Serie Denkanstoss Lasst uns über Werte reden

Mönchengladbach · Die Leiterin der Evangelischen Philippus-Akademie beschreibt die Herausforderungen der Flüchtlingswelle.

In diesen Tagen erlebe ich Menschen in den Seminaren der Philippus-Akademie, die sich darüber austauschen wollen, was eigentlich die Werte unserer westlichen Gesellschaften sind. Das ist wichtig. Denn wenn so viele Fremde mit anderem kulturellem Hintergrund zu uns kommen, kann es sein, dass die andere Werte haben. Vielleicht solche, die wir nicht teilen - etwa die Schlechterstellung von Frauen. Oder andere, die uns gut tun würden - etwa der Respekt vor alten Menschen. Jedenfalls ist es für viele eine Zeit der Selbstvergewisserung und Neuentdeckung dessen, was ihnen wichtig ist. Da kommt Erstaunliches zutage: Dass die Gleichberechtigung von Mann und Frau unaufgebbar ist, ist allen klar. Pünktlichkeit hingegen ist wohl wichtig, aber doch eher eine Norm, die unser Zusammenleben erleichtert, und nicht ein Wert an sich.

In diesen Gruppen wird nachgedacht und Neues entdeckt. Wirklich schön, dass sich viele darauf einlassen. Leider tun das nicht alle.
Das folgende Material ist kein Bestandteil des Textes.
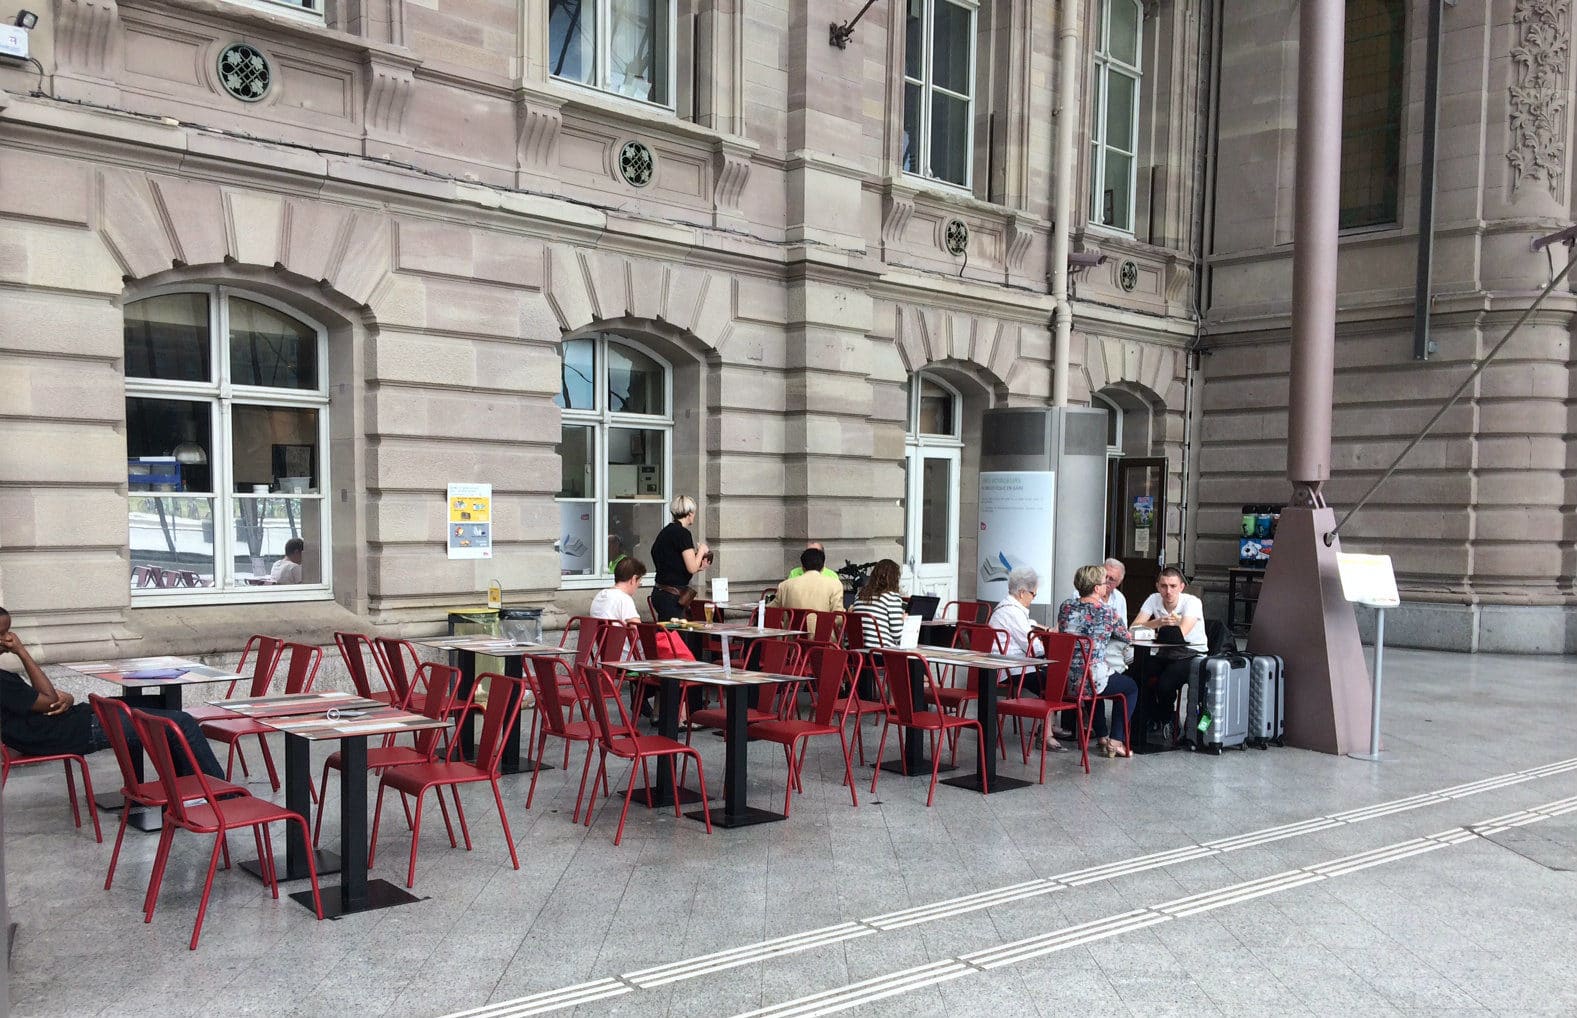 À la gare, les sièges remplacés par des terrasses où l’on peut rester gratuitement

Da gibt es jetzt zum Beispiel Kämpfer für Frauenrechte, von denen man es gar nicht erwartet hätte. Mal ehrlich, liebe Männer: Wenn man in einer Gesellschaft Frauen nur verschleiert auf der Straße sieht, liegt es doch irgendwie nicht ganz fern, in ein Schwimmbad zu gehen und mal richtig schöne nackte Tatsachen zu betrachten - oder? Nur um nicht falsch verstanden zu werden: DAS GEHT NATÜRLICH NICHT! Aber der Untergang des Abendlandes ist es auch nicht.

Was mir Sorgen macht sind die Dirty Harrys und Djangos, die sich nun die Freiheit nehmen, in der Privatheit etwa von Facebook ungebremst ihre Ressentiments zu verbreiten. Da sagen "ganz normale Menschen" plötzlich Dinge wie: "Man soll es ja nicht laut sagen, ABER..." - und dann sagen sie ganz unmögliche Dinge ganz laut. Noch schlimmer sind diese "ganz normalen Menschen", wenn Sie sich etwa als Lehrer eines Gymnasiums eine aus ihrem Beruf entstehende Pflicht zum Denken verkneifen und ihren Schülern auf Facebook schreiben, Merkels "Wir schaffen das" bedeute im Grunde "Wir schaffen Deutschland ab!" Kein Witz. Echt nicht.

Es hat niemand behauptet, dass es leicht wird, wenn diese vielen fremden Menschen zu uns kommen. Oder dass wir das unbedingt wollen müssen. Nein - müssen wir nicht. Wir dürfen das ganz kritisch sehen und Sorgen haben. Aber es hilft ja nichts: Recht ist Recht. Und muss es bleiben. In der Bibel ist das mit den Flüchtlingen übrigens so eindeutig geregelt wie kaum etwas anderes: "Wie ein Einheimischer soll euch der Fremde gelten...". Auch geregelt ist dort übrigens, dass der Fremde sich an die Gesetze des Aufnahmelandes zu halten hat. Keine Diskussion!

Das nun scheint mir die tatsächliche Herausforderung zu sein. Die Menschen, die zu uns kommen, sollen alles lernen und erfahren dürfen, damit sie verstehen, wie Deutschland funktioniert. Nicht nur, was Recht und Gesetz betrifft, sondern auch, was demokratische Haltung und deutsche Werte angeht - etwa, dass es Gleichberechtigung gibt und dass wir ein Wahlrecht und Gewaltenteilung haben. Und dass Polizisten Menschen hier nicht totschlagen, dafür aber das Fahrradklauen ahnden.

Also bitte: Lasst uns doch auf dem Teppich bleiben - und unsere Werte hoch halten. Sonst schaffen wir das nämlich nicht. Und dann?